▸ DATASET SECTION
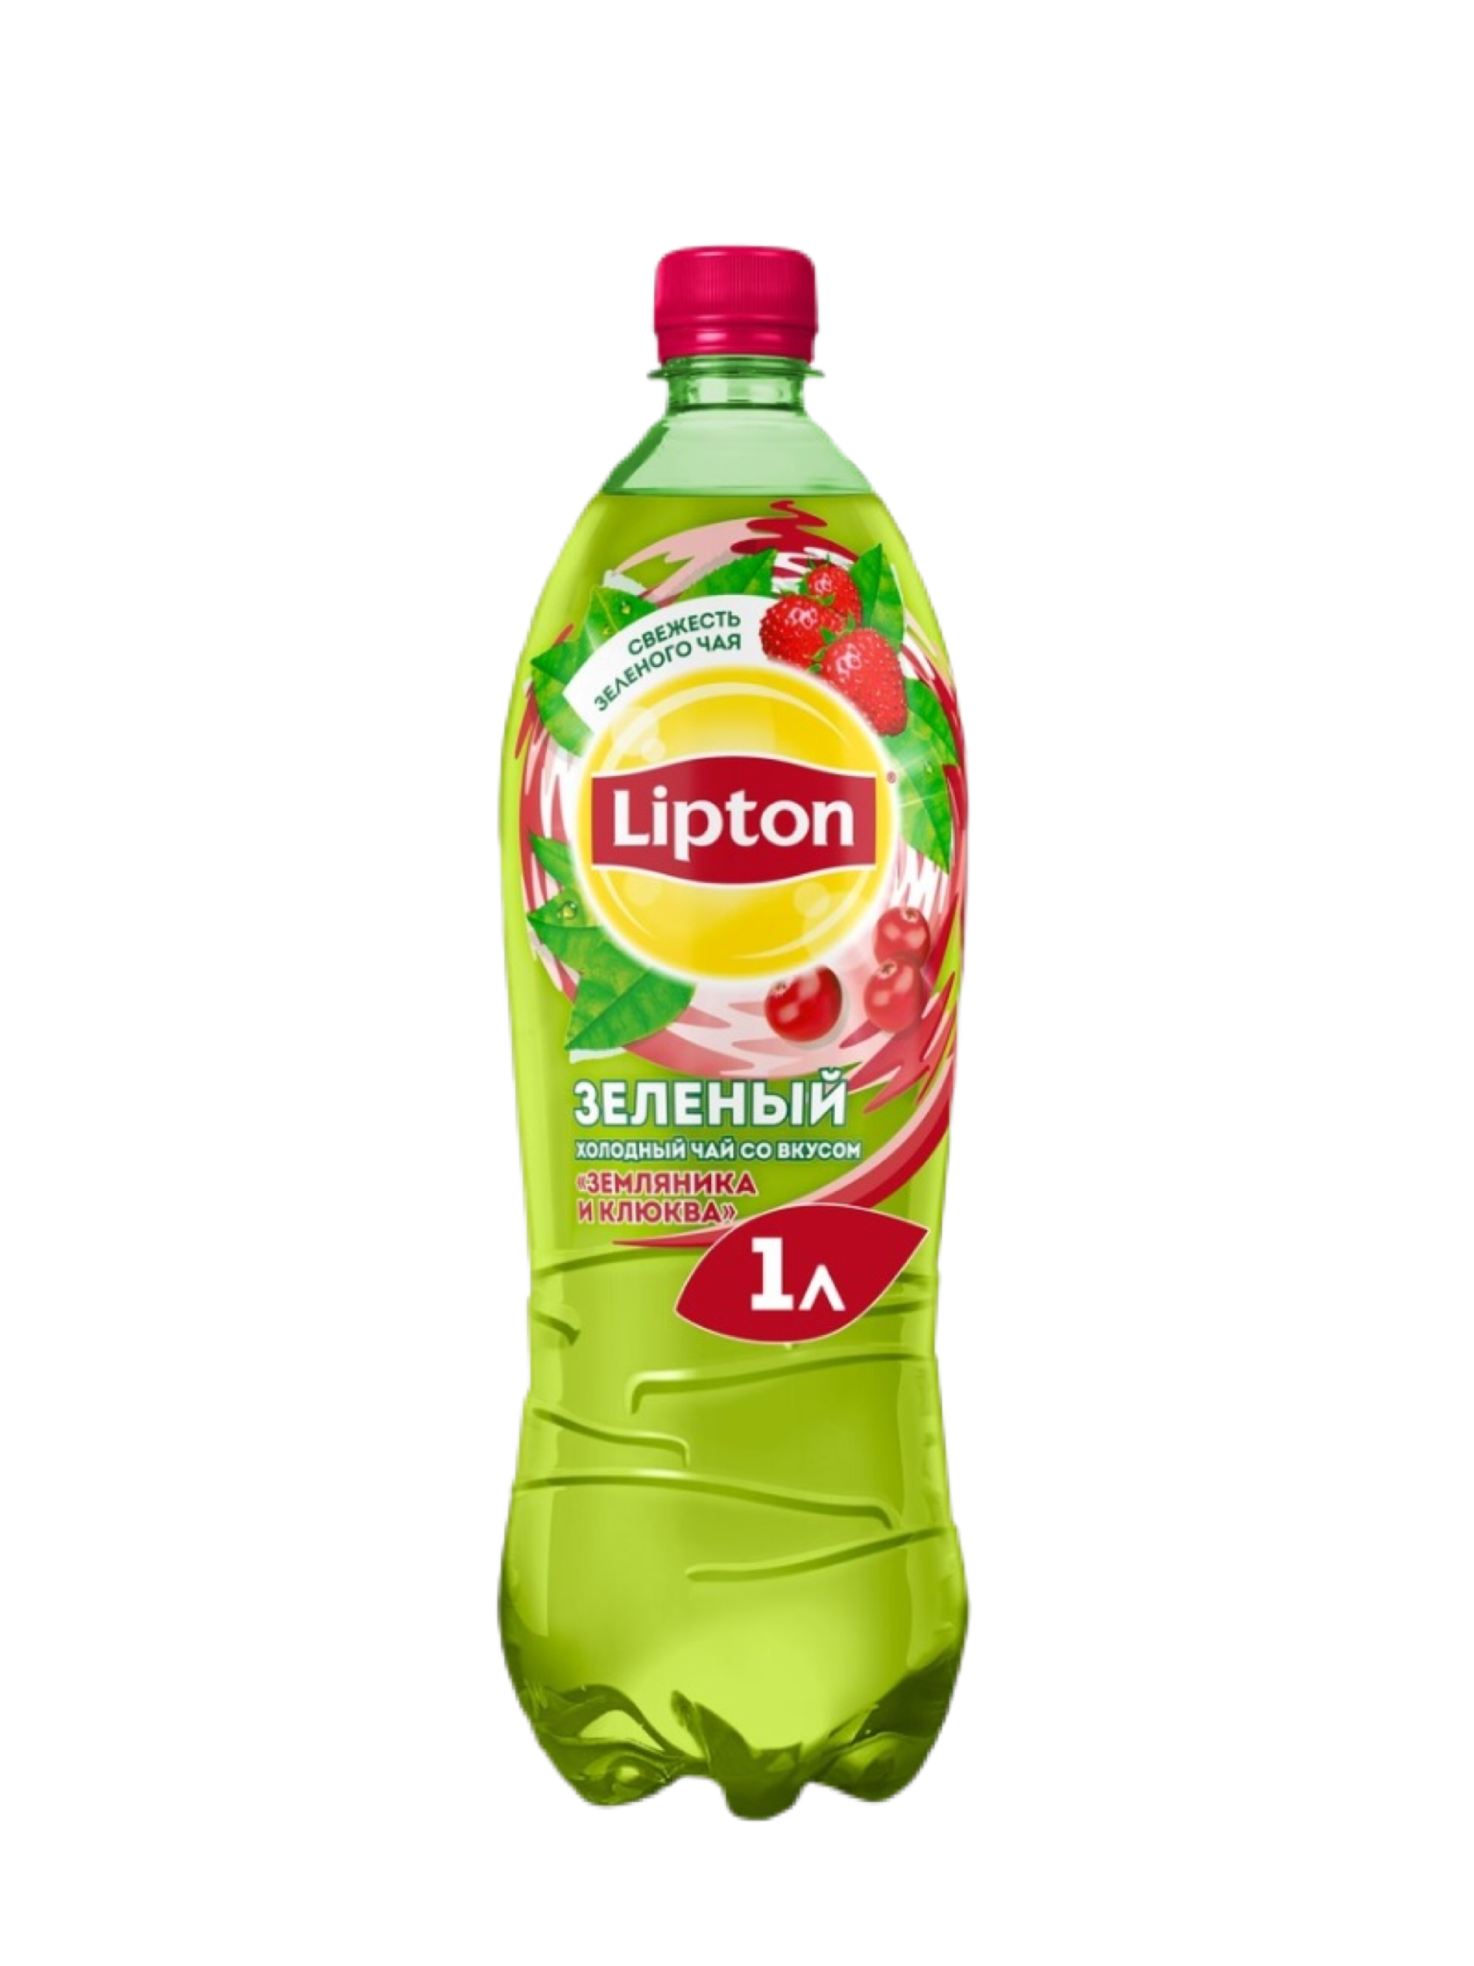 Чай Липтон 0.5 малина. Липтон зеленый с земляникой. Липтон зелёный чай в бутылке 05. Липтон 0,5 и 1 л. Зеленые холодной водой
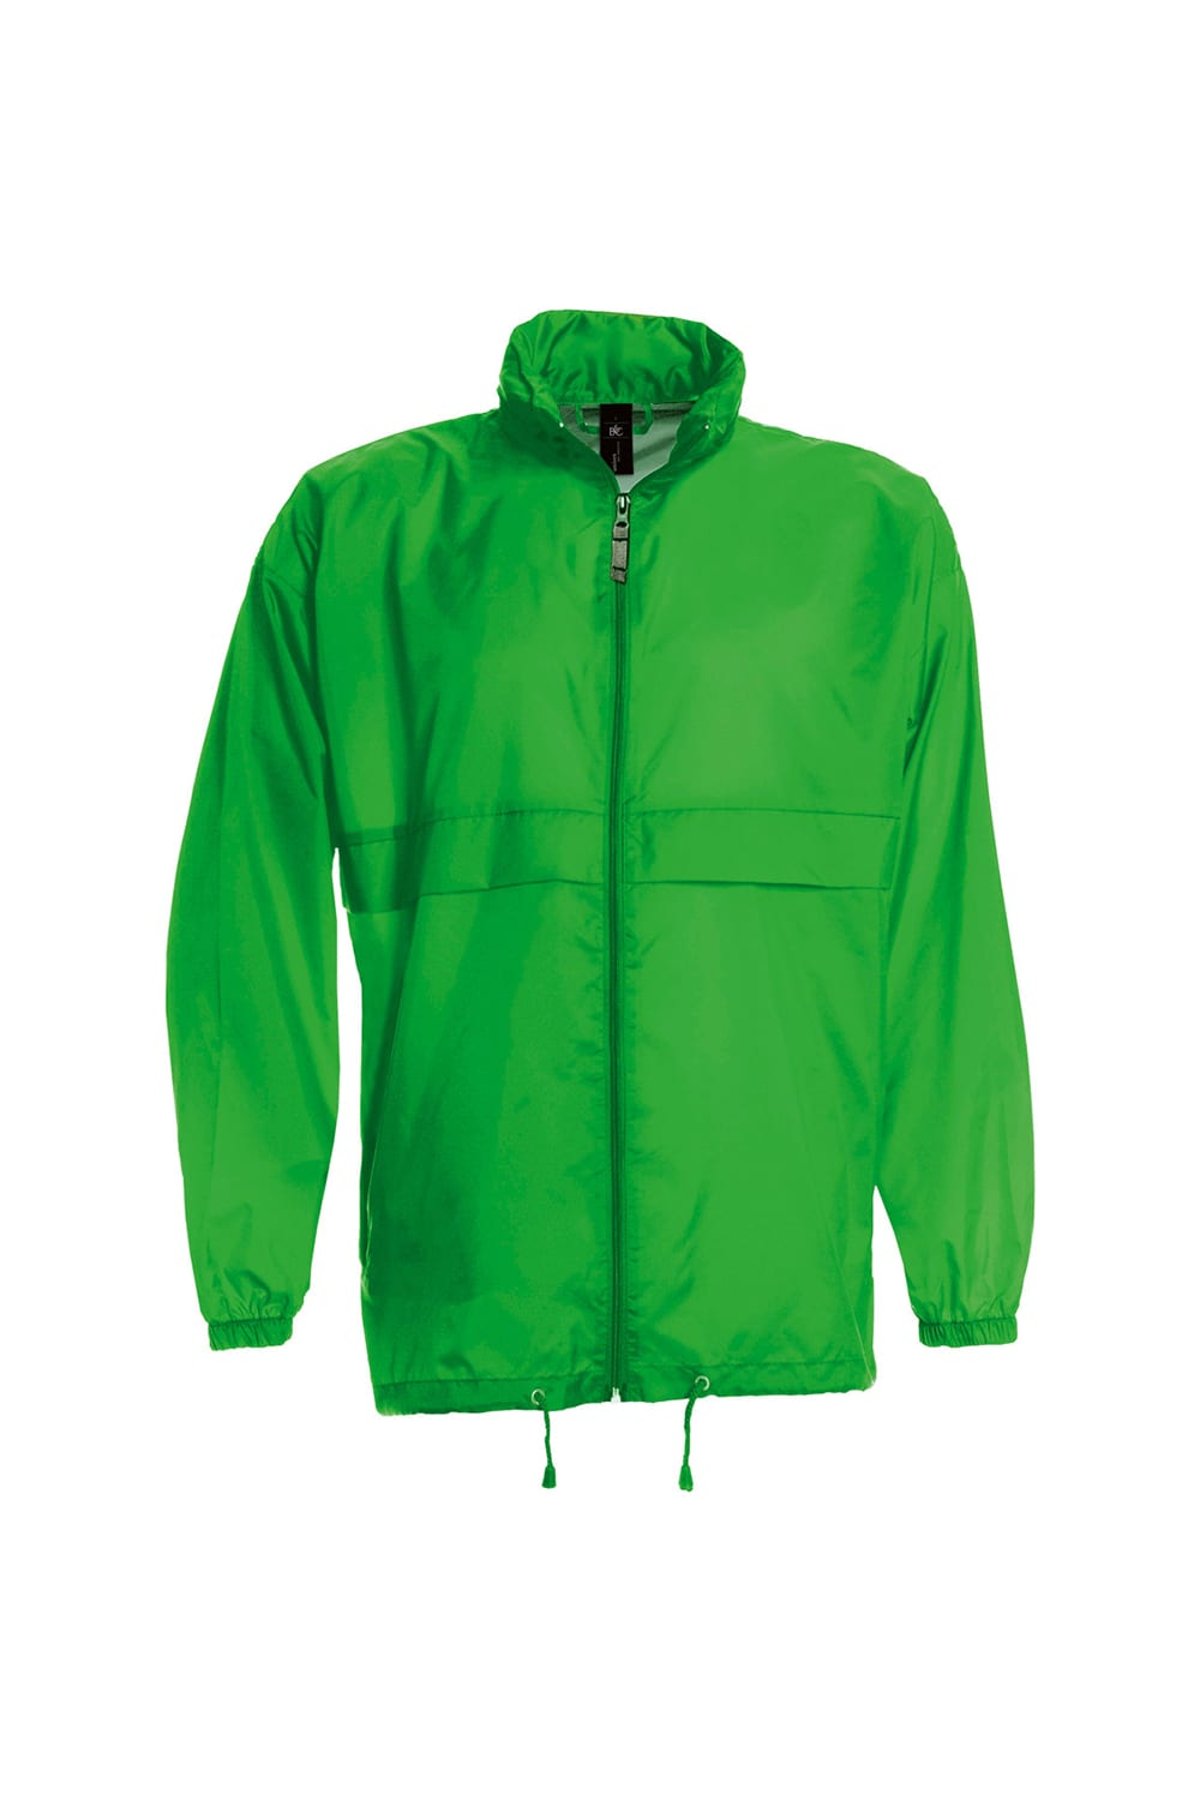 Real Green Showerproof & Water Repellent Jacket B&C Womens/Ladies Sirocco Lightweight Windproof S
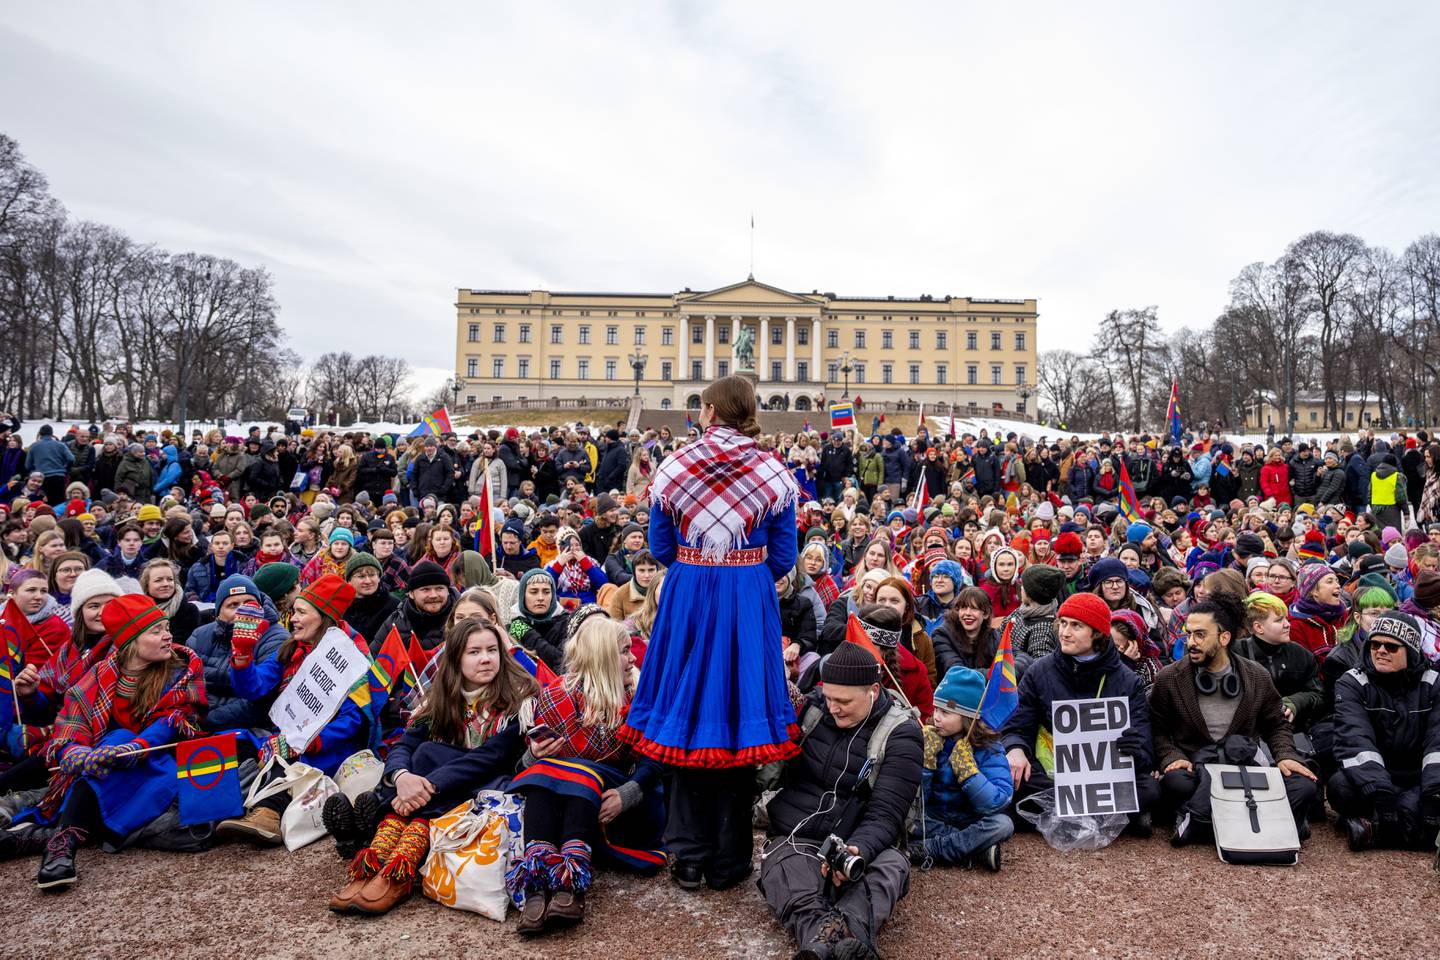 Aksjonistene som i over en uke har protesterte i Oslo mot vindturbinene på Fosen, avsluttet fredag forrige uke aksjonen med en markering foran Slottet. I etterkant har trusler og hets ramlet inn.
Foto: Javad Parsa / NTB

▸ PROBLEM TO WORK ON
Word for word, print the material above, but without its pictures.

▸ ANSWER TO THE PROBLEM
 Чай Липтон 0.5 малина. Липтон зеленый с земляникой. Липтон зелёный чай в бутылке 05. Липтон 0,5 и 1 л. Зеленые холодной водой
 Real Green Showerproof & Water Repellent Jacket B&C Womens/Ladies Sirocco Lightweight Windproof S
 Aksjonistene som i over en uke har protesterte i Oslo mot vindturbinene på Fosen, avsluttet fredag forrige uke aksjonen med en markering foran Slottet. I etterkant har trusler og hets ramlet inn.
Foto: Javad Parsa / NTB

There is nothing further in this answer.